ISO’s determination of exempt, and if exempt the quantity of MW exempted, or non-
exempt, from an Offer Floor as soon as the determination is final. Concurrent with the
ISO’s posting, the Market Monitoring Unit shall publish a report on the ISO’s
determination, as further specified in Sections 30.4.6.2.12 of Attachment O to this
Services Tariff.

23.4.5.7.14.5  Revocation of a Self Supply Exemption

 

(a) If, at the time prior to the SSE Applicant first producing or transmitting, Energy it or the

Self Supply LSE no longer satisfies the requirements of Section 23.4.5.7.14.1(b) or no
longer meets the requirements of the Acknowledgement and Certification, the SSE
Applicant and the Self Supply LSE shall notify each other and other ISO in writing

within 3 business days of the event or basis for the failure to meet the requirements for a Self Supply Exemption. Upon notification, the ISO shall revoke the Self Supply
Exemption and apply the Mitigation Net CONE Offer Floor (such value calculated based on the date it first offers UCAP, in accordance with Section 23.4.5.7.3.7, and adjusted annually in accordance with Section 23.4.5.7 of this Services Tariff.)

(b) The failure to provide the ISO written notice in accordance with Section 23.4.5.7.14.5(a)

shall constitute a violation of the Services Tariff. Such violation shall be reported by the ISO to the Market Monitoring Unit and to the Commission’s Office of Enforcement (or any successor to its responsibilities.)


 

 

 

 

 

(c)Where the ISO reasonably believes that a request for a Self Supply Exemption was

granted based on (i) false, misleading, or inaccurate information, or (ii) the Self Supply LSE’s inclusion within “Self Supply Capacity” (as that term is used in Section

23.4.5.7.14.3) of a Generator or UDR project’s capacity that was identified by the Self
Supply LSE whose CRIS was projected to expire before the end of the Mitigation Study
Period but has not expired on or before the date that marked the end of the Mitigation
Study Period, the ISO shall notify the SSE Applicant and the Self Supply LSE that the
Self Supply Exemption may be revoked.
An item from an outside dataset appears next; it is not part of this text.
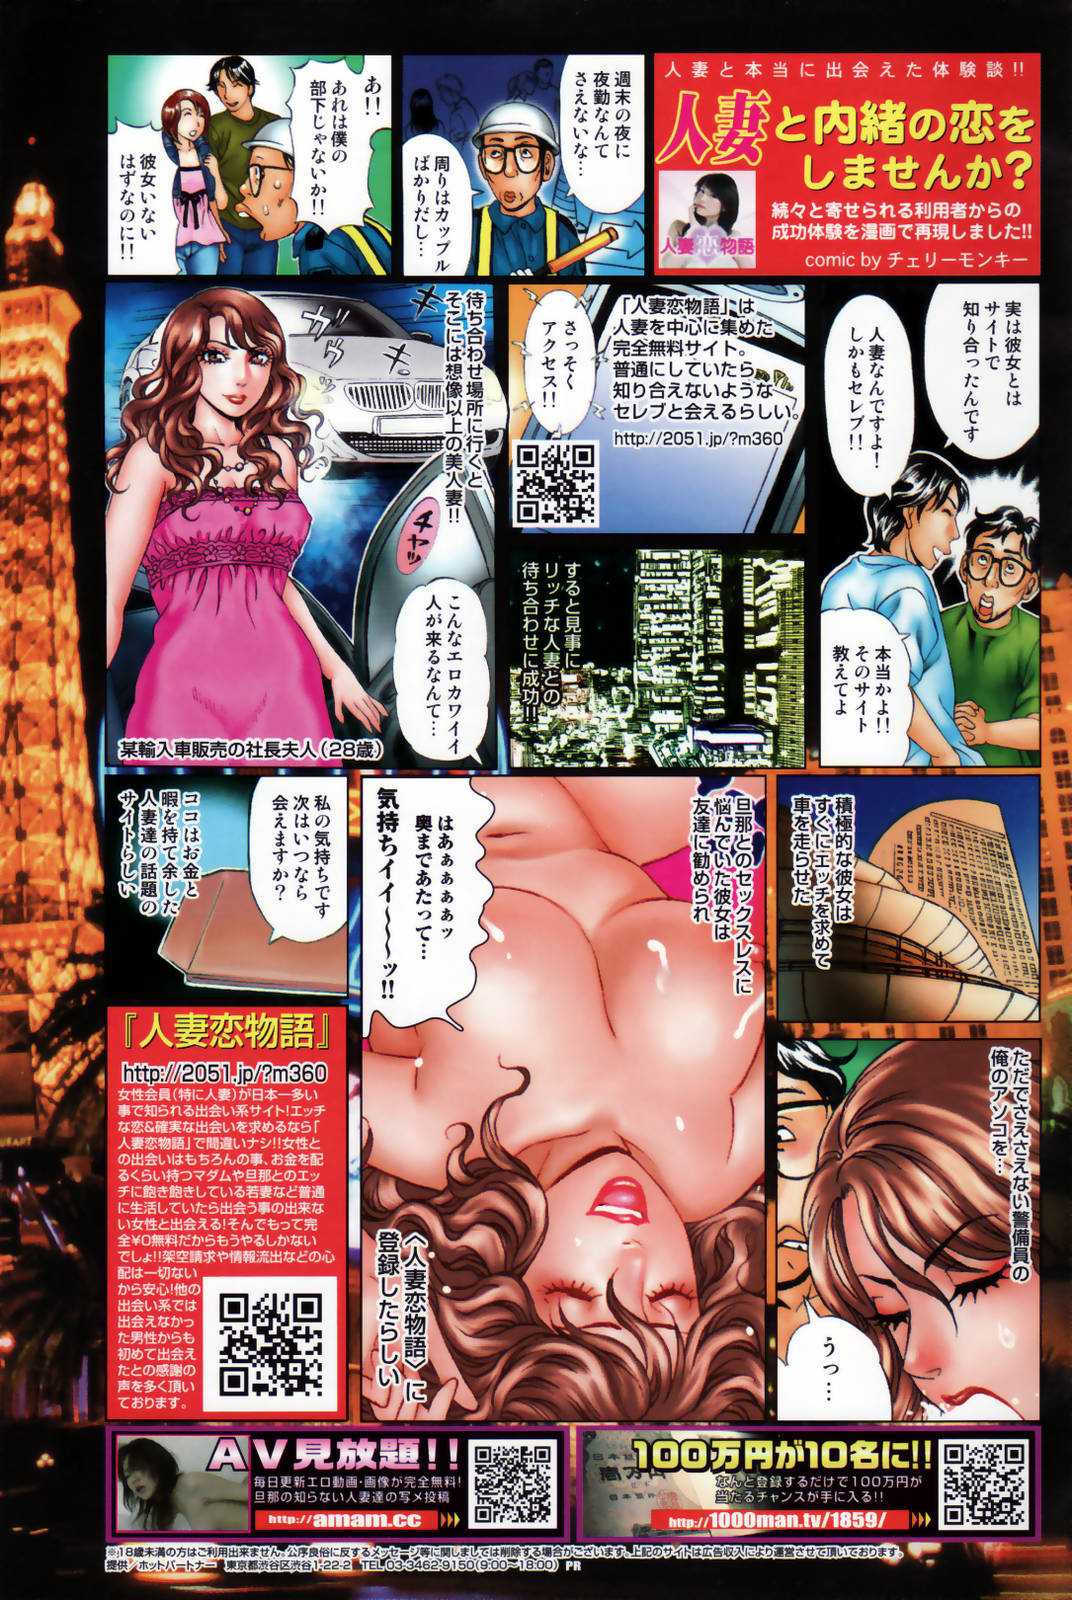 Manga Bangaichi [2007-08] 漫画ばんがいち 2007年8月号

Provided that 30 days written notice has been
given to the SSE Applicant (such notice to the extent practicable,) the ISO may revoke
the Self Supply Exemption and apply the Mitigation Net CONE Offer Floor (such value
calculated based on the date the SSE Applicant first offers UCAP, in accordance with
Section 23.4.5.7.3.7, and adjusted annually in accordance with Section 23.4.5.7 of this
Services Tariff.)  Prior to the revocation of a Self Supply Exemption and the submission
of a report to the Commission’s Office of Enforcement (or any successor to its

responsibilities,) the ISO shall provide the SSE Applicant an opportunity to explain any statement, information, or action, and if a statement information or action of the Self Supply LSE, it shall also provide an opportunity to that entity.  The ISO cannot revoke the Self Supply Exemption until after the 30 days written notice period has expired, unless ordered to do so by the Commission.
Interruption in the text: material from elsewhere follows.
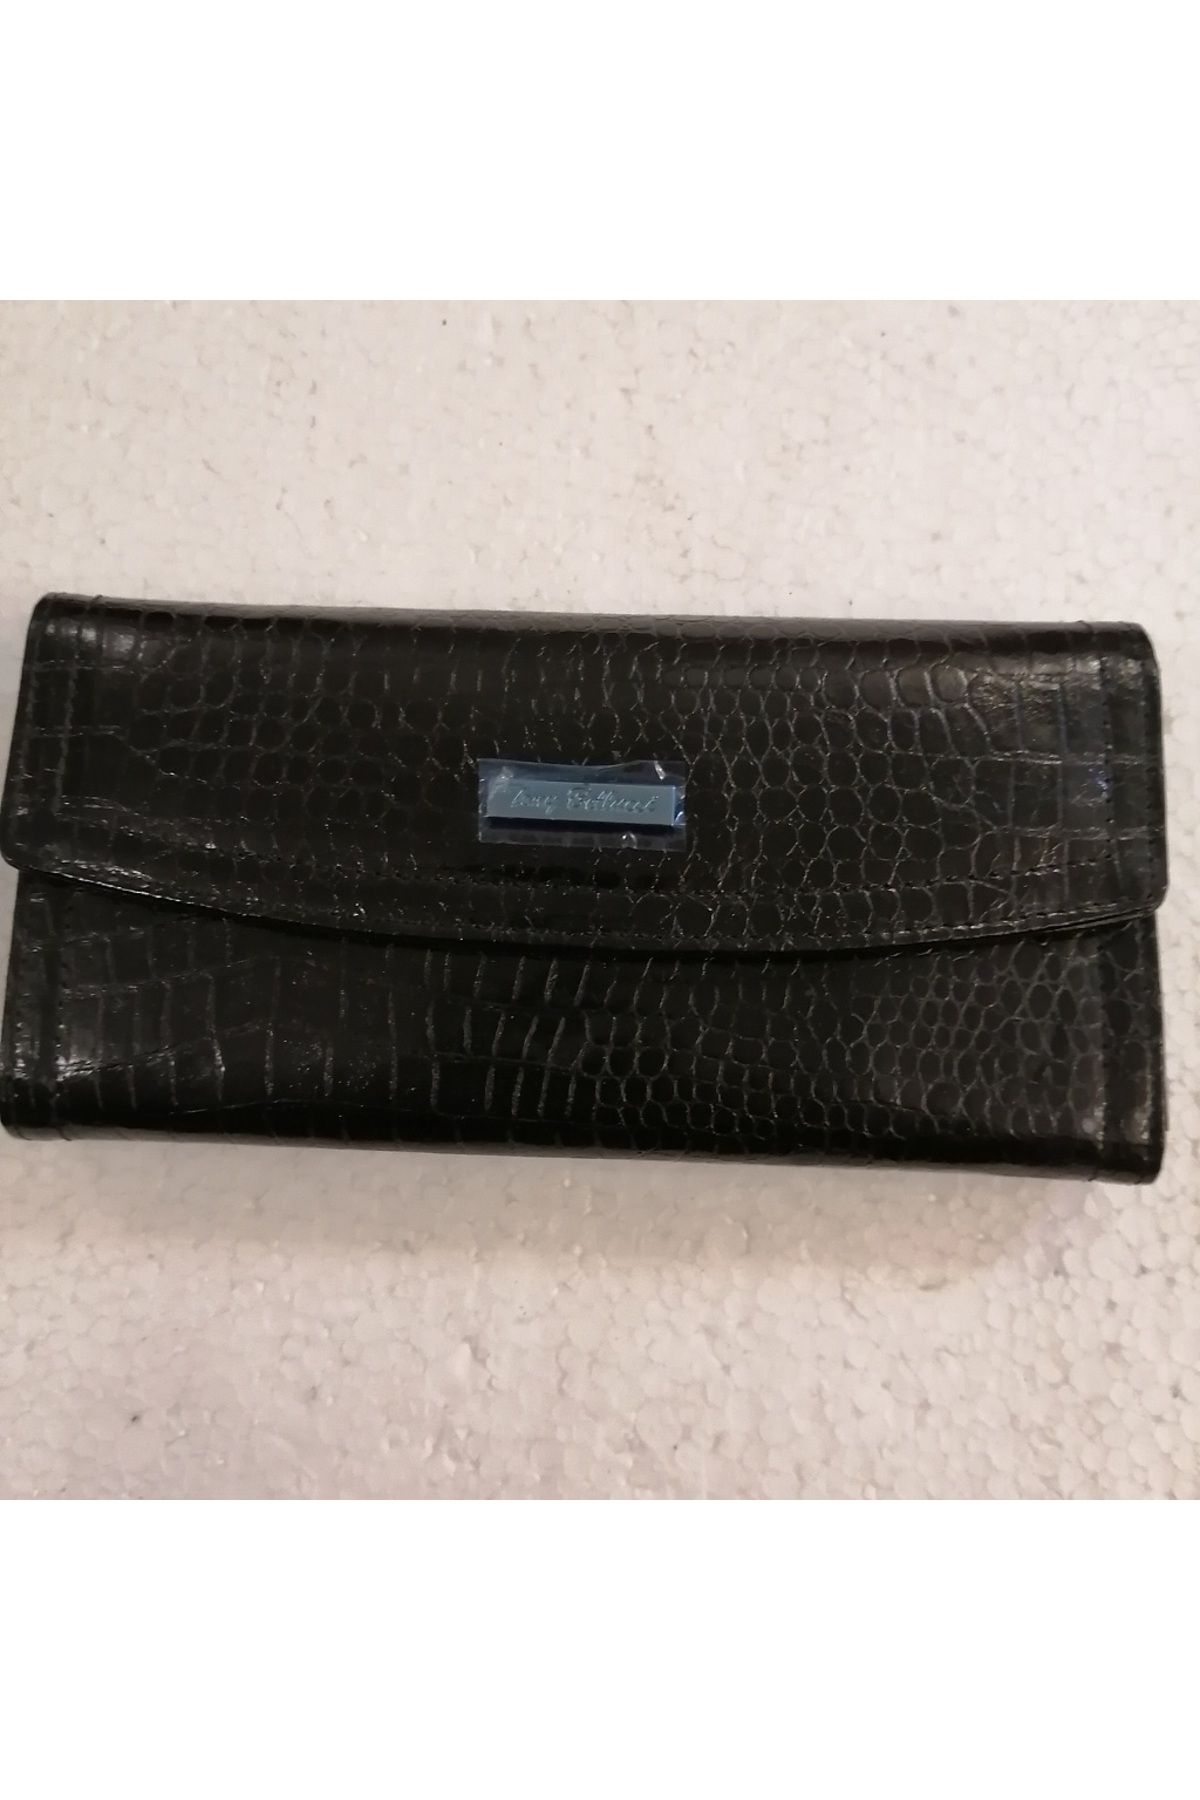 Tony Bellucci Kadın hakiki deri siyah kroko baskı 3 geniş 1 fermuarlı 1 gizli 10 kart gözlü çıtçıtlı cüzdan

23.4.5.8RMR Agreement Capacity Price and Offer Requirements

23.4.5.8.1All ISP UCAP MW shall be offered in each ICAP Spot Market Auction.  All

UCAP from an RMR Generator shall be offered in each ICAP Spot Market Auction,
except if and only to the extent expressly authorized in an RMR Agreement due to the


 

 

existence of a commitment under a bilateral agreement that (a) was effective at the time the RMR Agreement became effective and (b) is effective and executory, requiring the provision of UCAP, for the Obligation Procurement Period.

23.4.5.8.2Except as provided in Section 23.4.5.7.12, all UCAP offered by an RMR

Generator shall be offered at $0.00/kW-month.